Late stage disease may also lead to wet, open wounds in which interstitial fluid may come into contact with the air. Under these circumstances, surface tension effects may become significant110. While beyond the scope of the current study, surface tension effects in an open wound may warrant further study.

As with any model, ours includes several assumptions and has notable limitations. First, the model does not explicitly include the blood vessels or lymphatic vessels. An interesting extension would consider how compressive stress in the tissue might alter venous valve function or impede blood or lymph flow. We also did not explicitly include the regulation of capillary pressure by precapillary sphincters. Failure of this mechanism could also lead to high capillary pressures and add to the source of interstitial fluid from the capillaries. This would produce increases in capillary pressure similar to those seen in venous insufficiency. In addition, it would likely be more realistic to use highly nonlinear mechanical properties for the tissues. The bulk modulus of the subcutaneous tissue has at least three distinct ranges: a stiff compressive range, a highly compliant range with pressure just above atmospheric, and a stiffening range for large levels of tissue dilation. In the current implementation such dramatic changes in properties led to numerical instabilities. Even with the linearized properties we employed, we were able to examine the behaviors of the system within each stiffness range that could then be compared between ranges. Finally, the assumed model of lymphatic pumping has the benefit of having only two simple parameters but does not capture the full range of behaviors that have been observed in vivo and ex vivo111,112,113.

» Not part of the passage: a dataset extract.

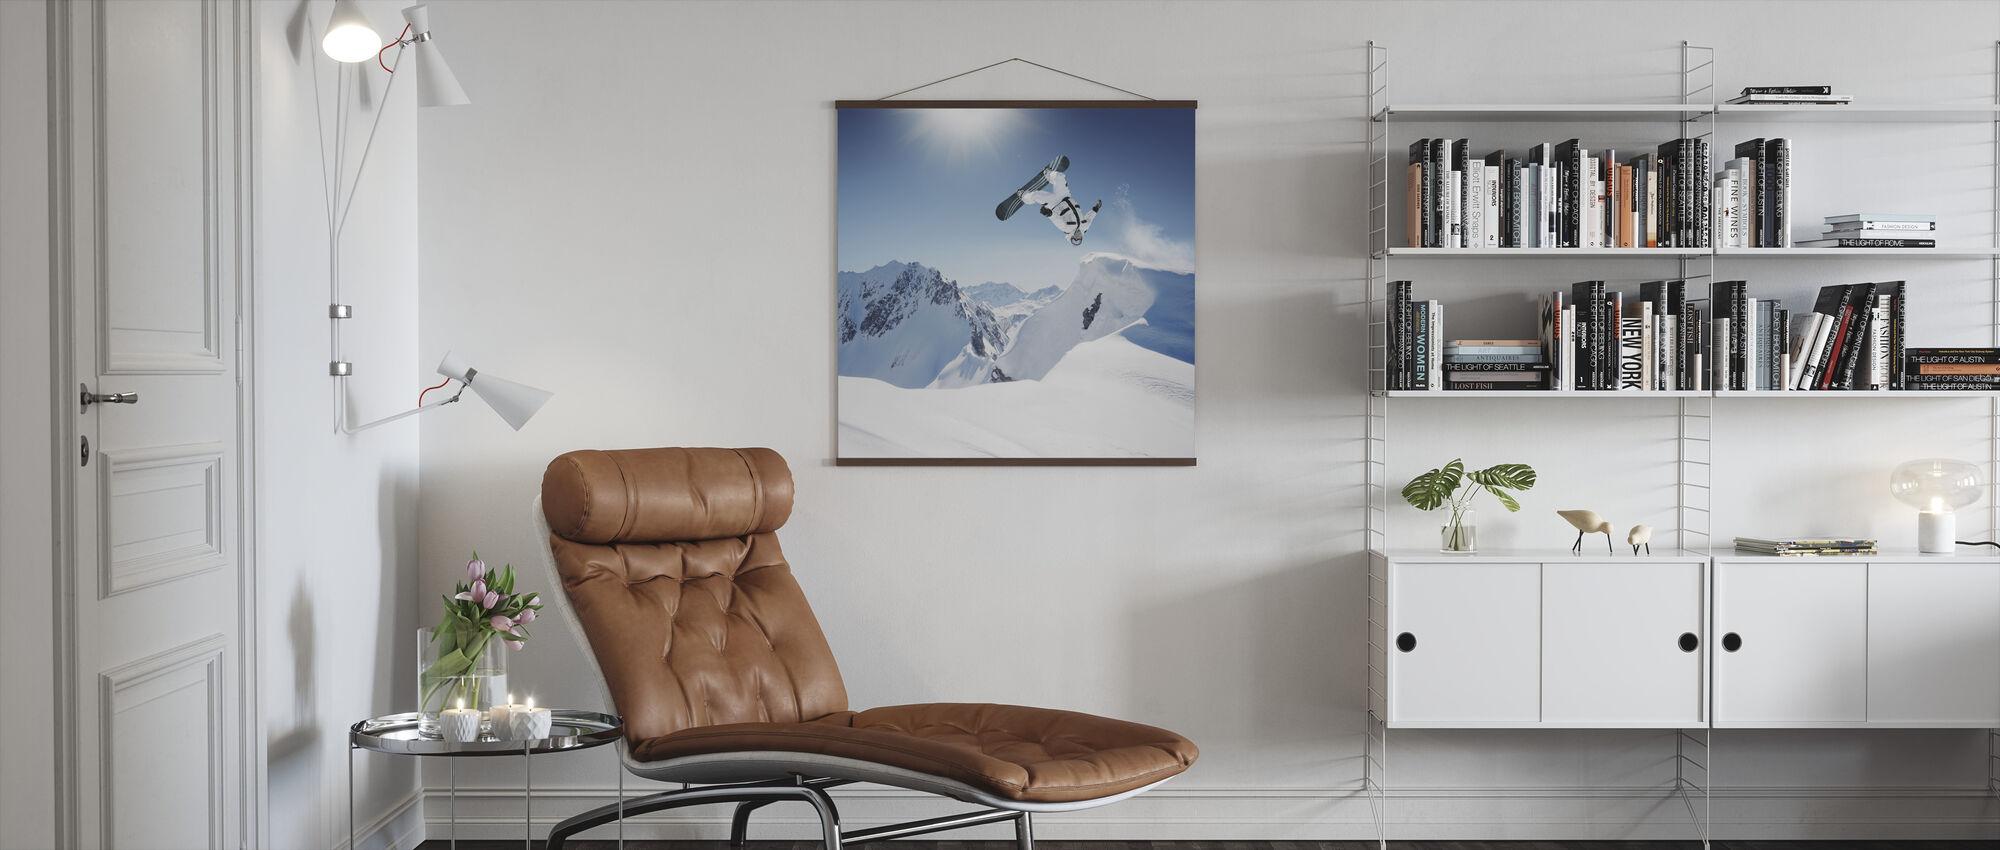 Snowboarder Backflip - Poster - Living Room

The accumulation and removal of fluid from tissues is a complex process, and additional investigations can extend from our analysis. For example, the active effects of skeletal muscle contraction, especially during walking should dynamically change tissue mechanics and fluid pressures, and would be an interesting extension of the present study. Also, water in tissues can quickly change between mobile and immobile states as it is associated with or released by tissue hydrogels such as hyaluronic acid. This could also affect edema, and could be considered in future studies.

Conclusions

We have shown that a simple set of length and time scales can clarify the relative importance of competing processes in fluid transport in the leg. The combination of high tissue permeability, high tissue compliance and low lymphatic clearance can lead to a positive feedback loop in which fluid can percolate so freely through the interstitial space that further buildup of fluid can occur in the lower leg due to gravitational pooling. Our model also shows that compression therapy can break this cycle by reducing large distance percolation of interstitial fluid.